Thus, it is conventional to suppress or blank both of the atrial and ventricular sense amplifiers during A-PACE and V-PACE pulses for blanking periods to avoid overloading the sense amplifier. Moreover, the sense amplifiers may abruptly sense a different potential than was present at the time of initial blanking when the blanking period expires and the sense amplifier is reconnected due to the after-potentials and electrode polarization as well as the recharge function. This can produce unwanted oversensing of artifacts resulting in false declarations of A-EVENTs or V-EVENTs. Therefore, the blanking periods in pacemaker IPGs sold by the assignee of this application are nominally set at 30 ms after delivery of an A-PACE or V-PACE, but the blanking periods may be programmed as long as 45 ms in difficult sensing scenarios. There may be additional digital blanking of the sense amplifiers to avoid sensing of evoked response or other pacing artifacts, e.g., for 150 ms to 400 ms after paced events in ICDs.

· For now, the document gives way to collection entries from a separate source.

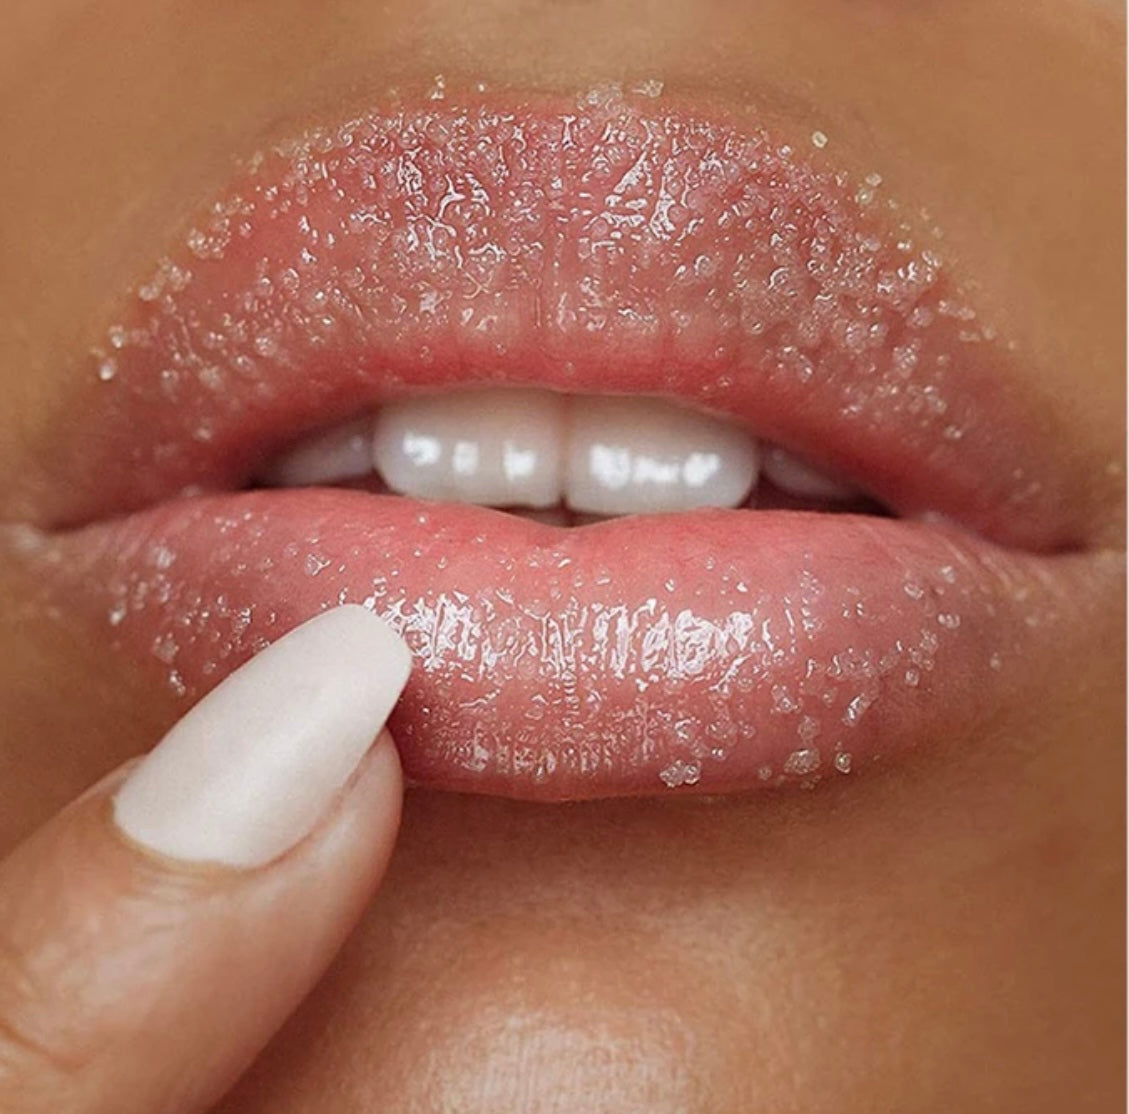 Strawberry Lip Scrub
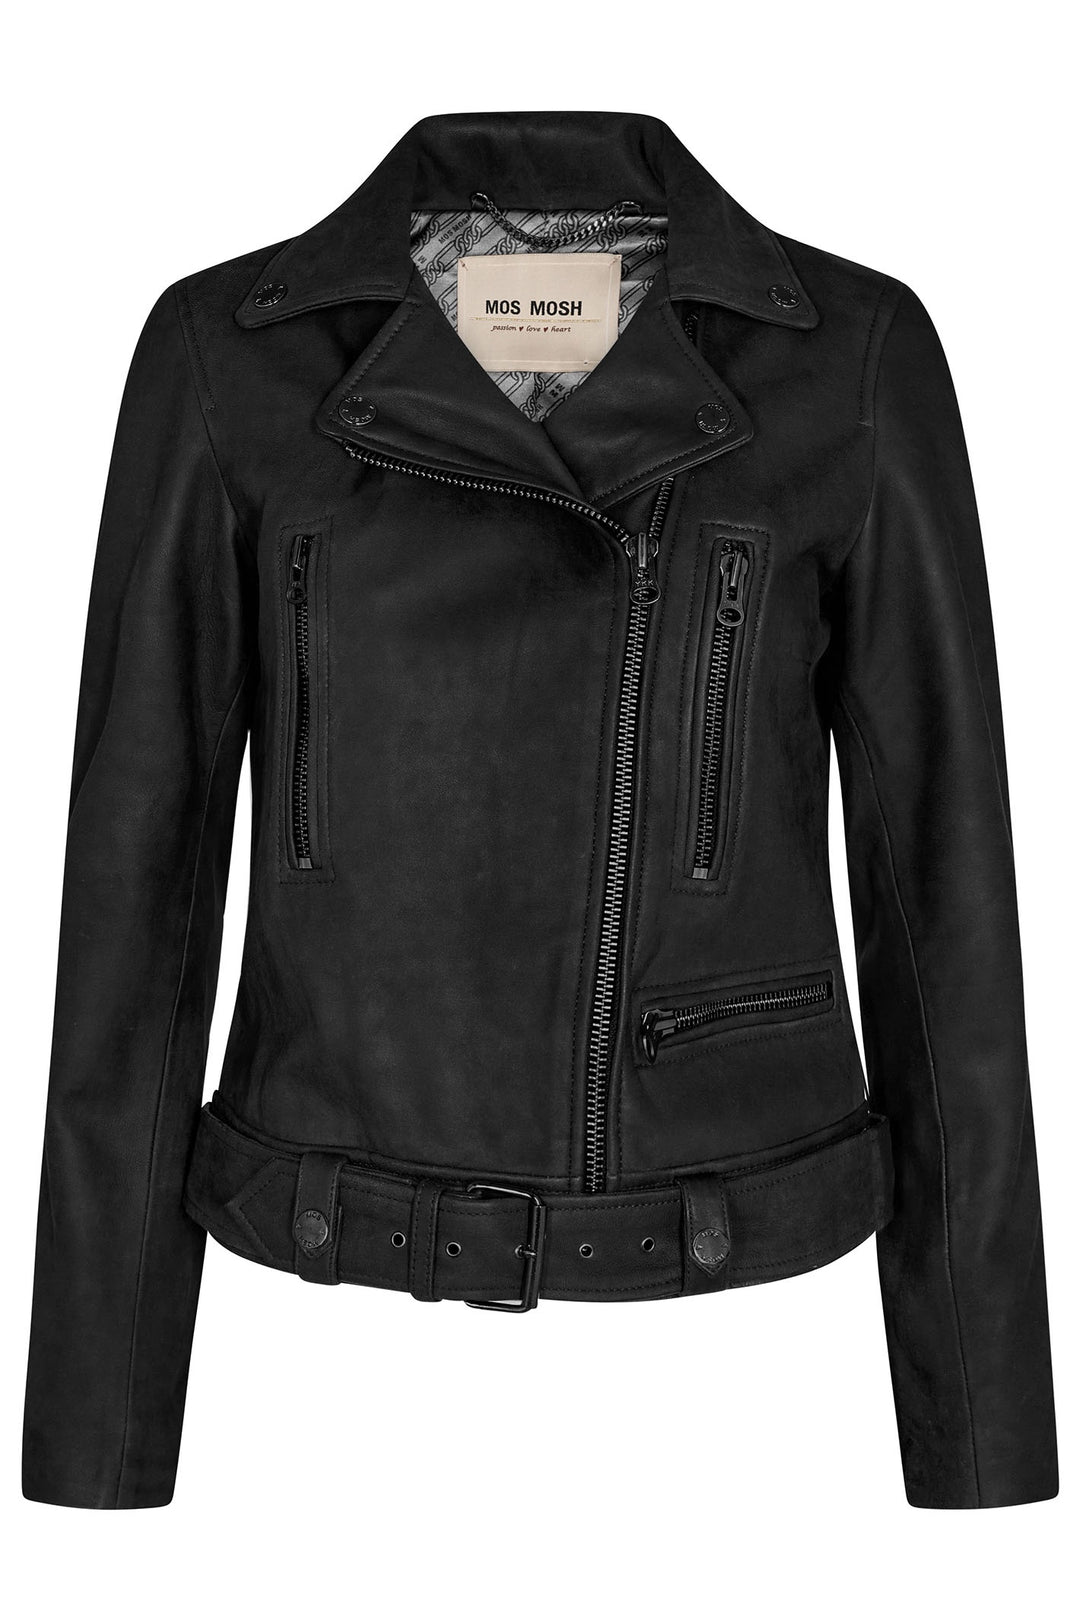 Mos Mosh 156840 MMAlmina Black Biker Style Leather Jacket - Dotique
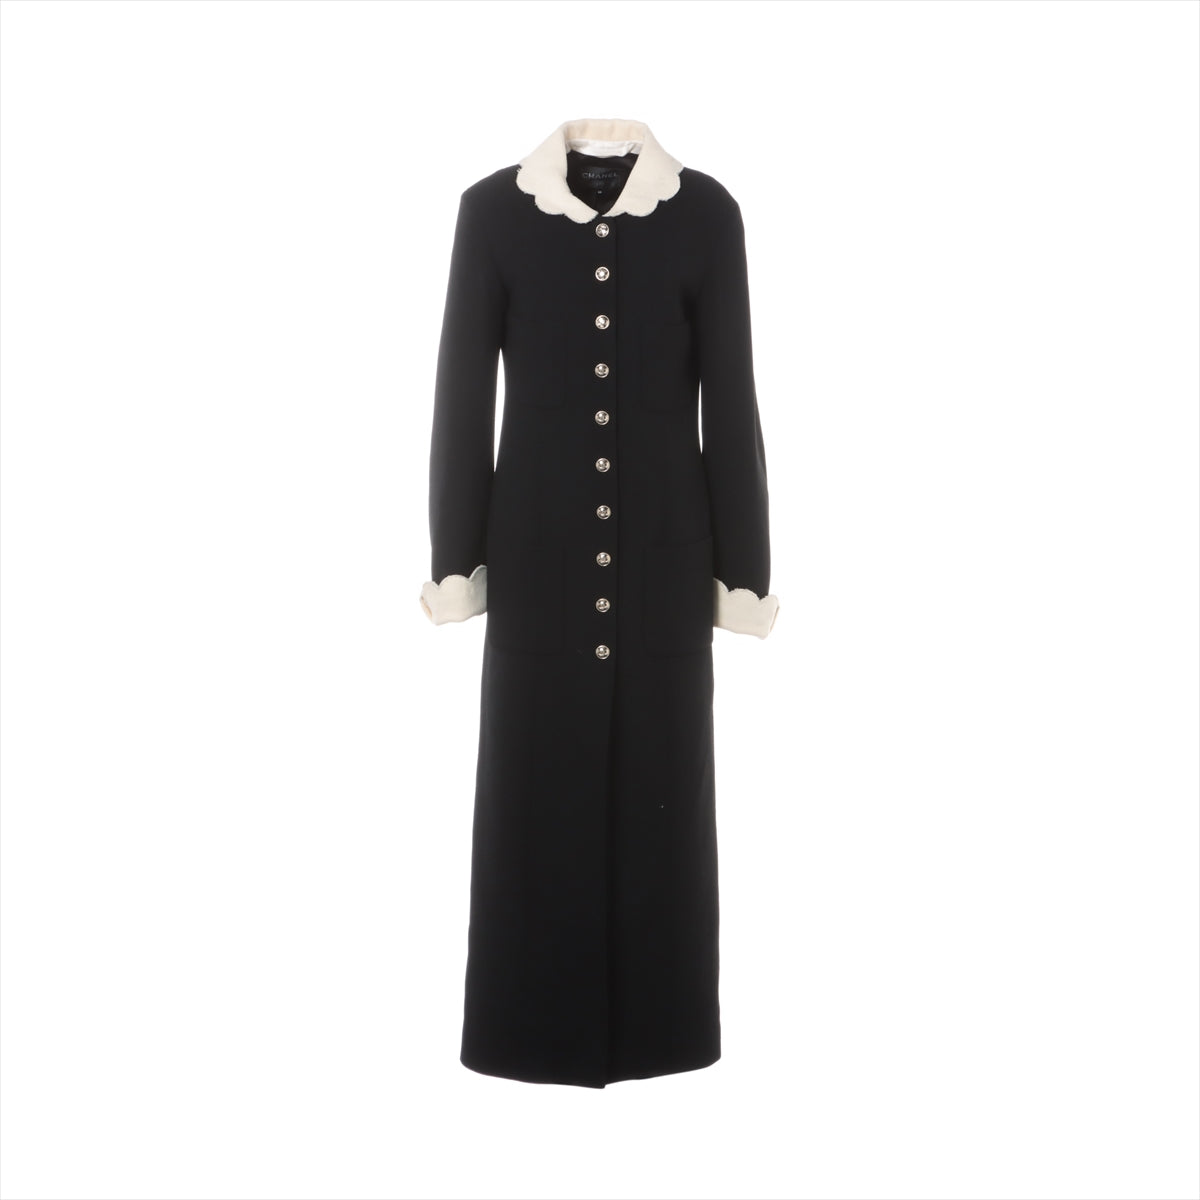 Chanel Coco Button 20K Wool & silk robes 38 Ladies' Black  Long coat P65305V34823 collars Detachable cuffs
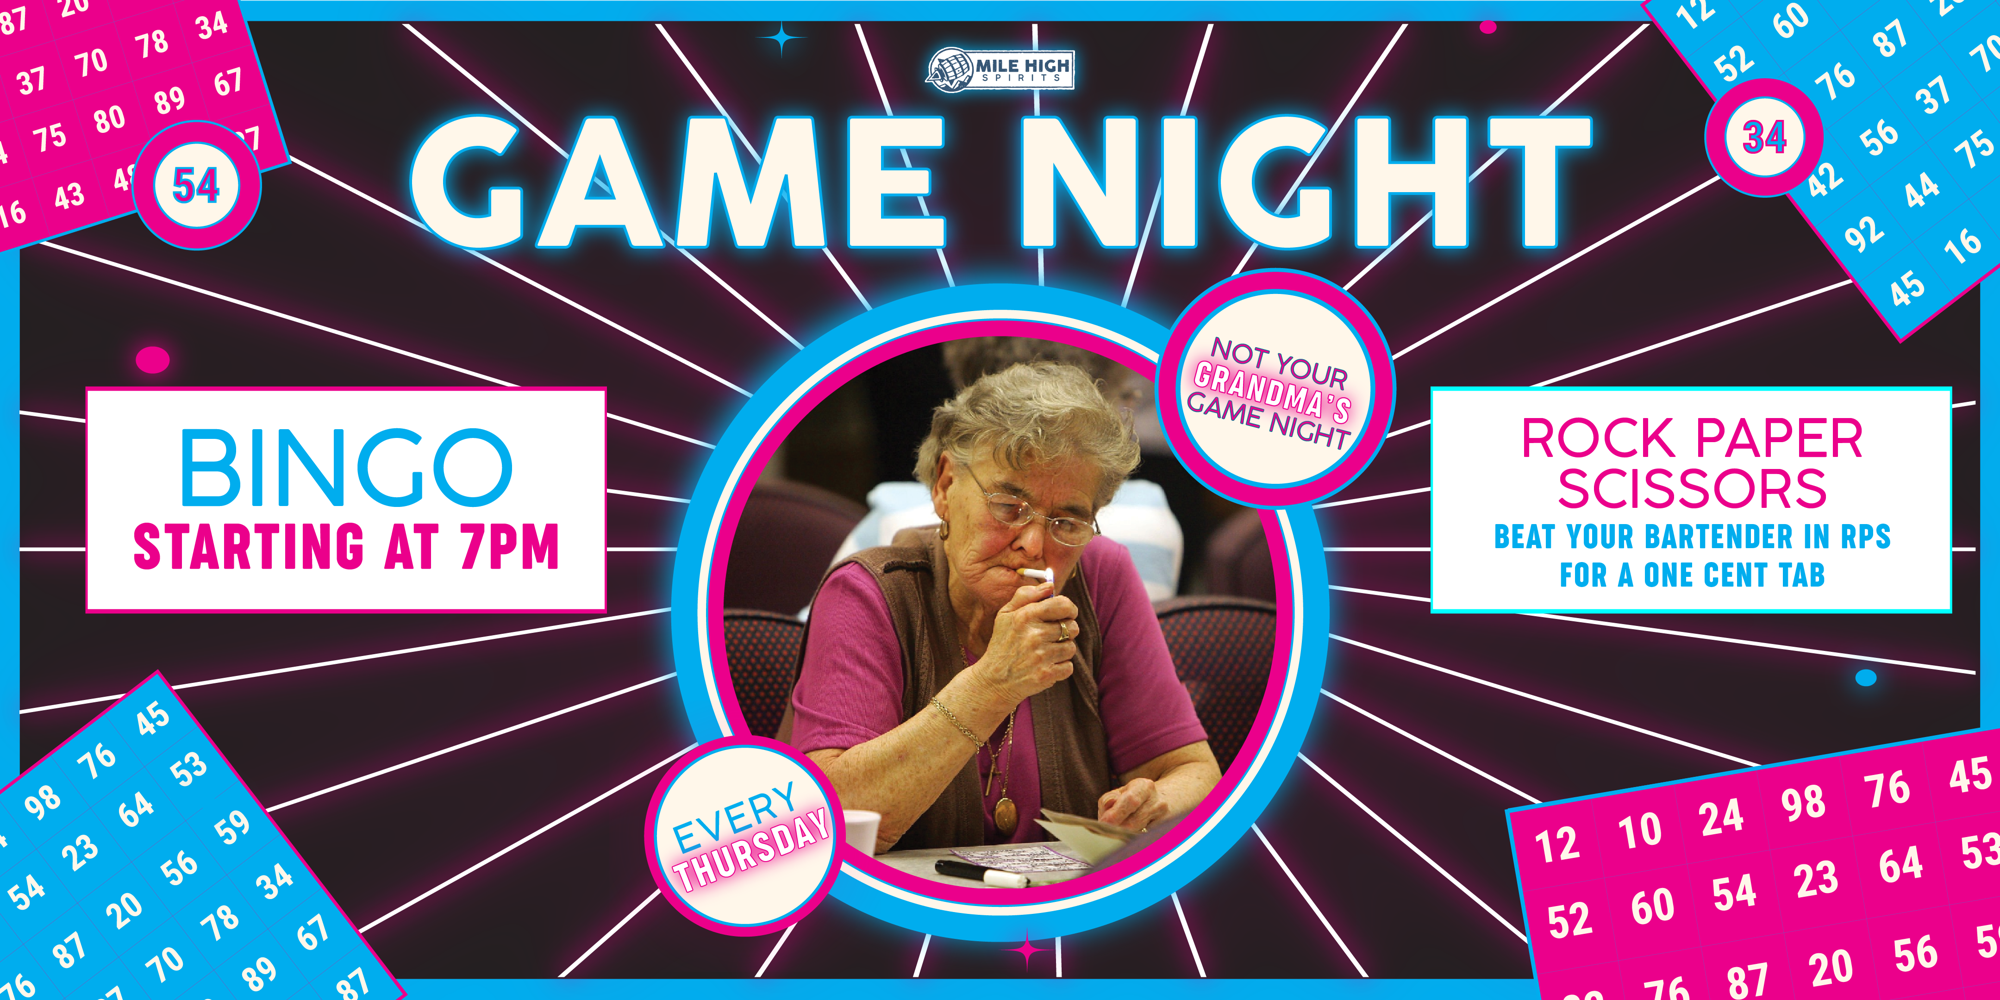 Thursday Game Night at Mile High Spirits promotional image
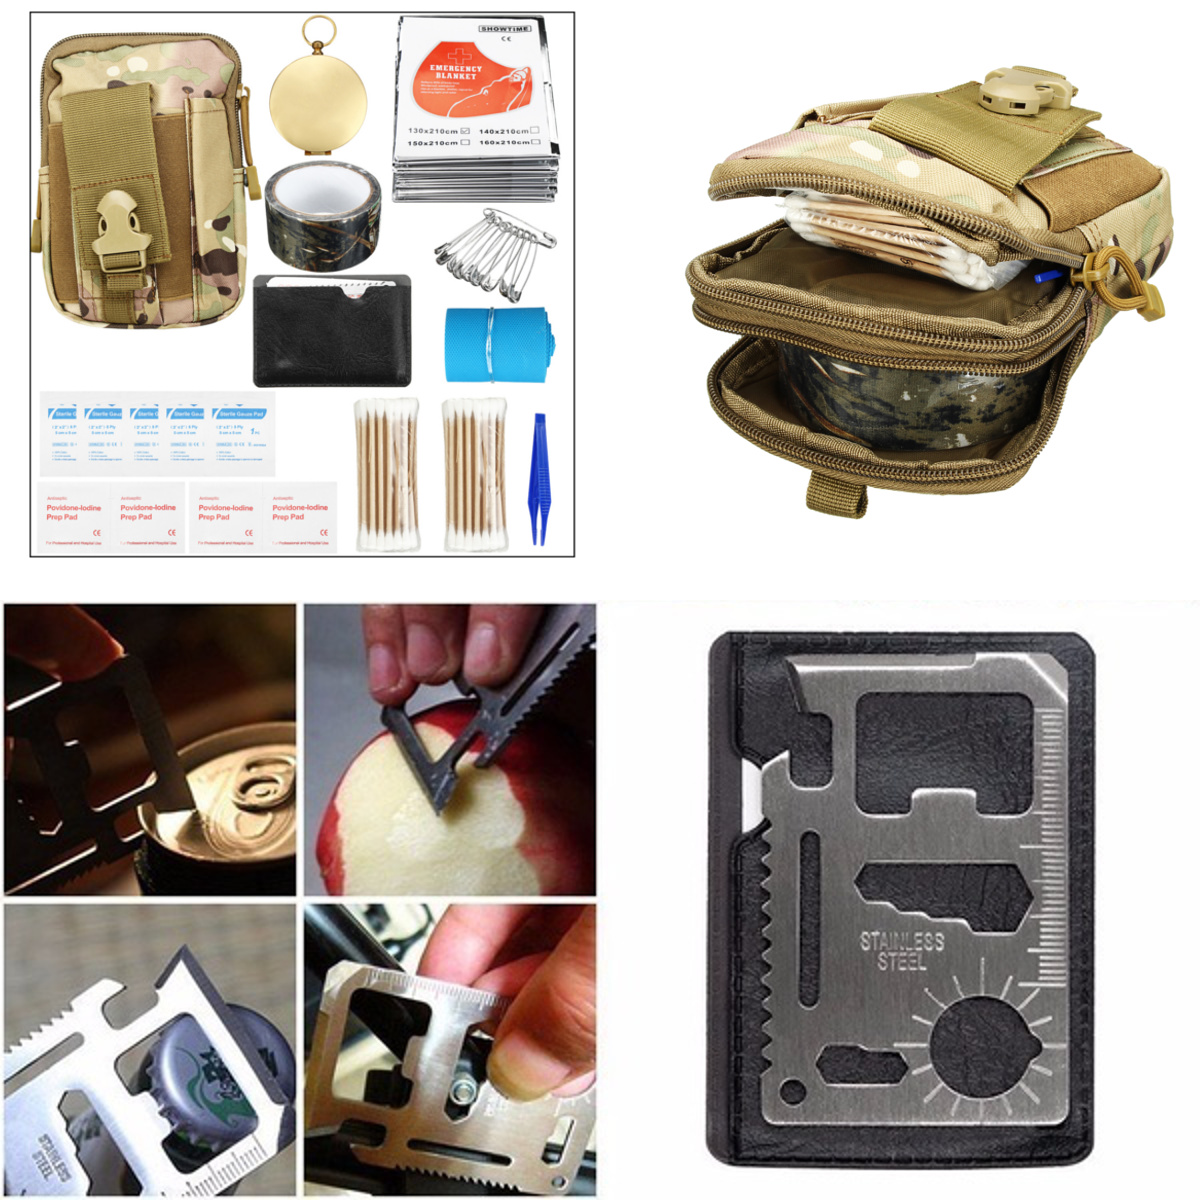 185Pcs-Survival-Tools-Kit-Emergency-Survival-Kit-Multi-Tools-First-Aid-Supplies-Survival-Gear-EDC-Ga-1427132-1

Such blanking periods are characterized as an atrial blanking periods (ABP) including a post atrial pace, atrial blanking period (PAABP or PAAB) and a post ventricular pace, atrial blanking period (PVABP or PVAB) or as a ventricular blanking periods (VBP) including a post atrial pace, ventricular blanking period (PAVBP or PAVB), and a post ventricular pace, ventricular blanking period (PVVBP or PVB).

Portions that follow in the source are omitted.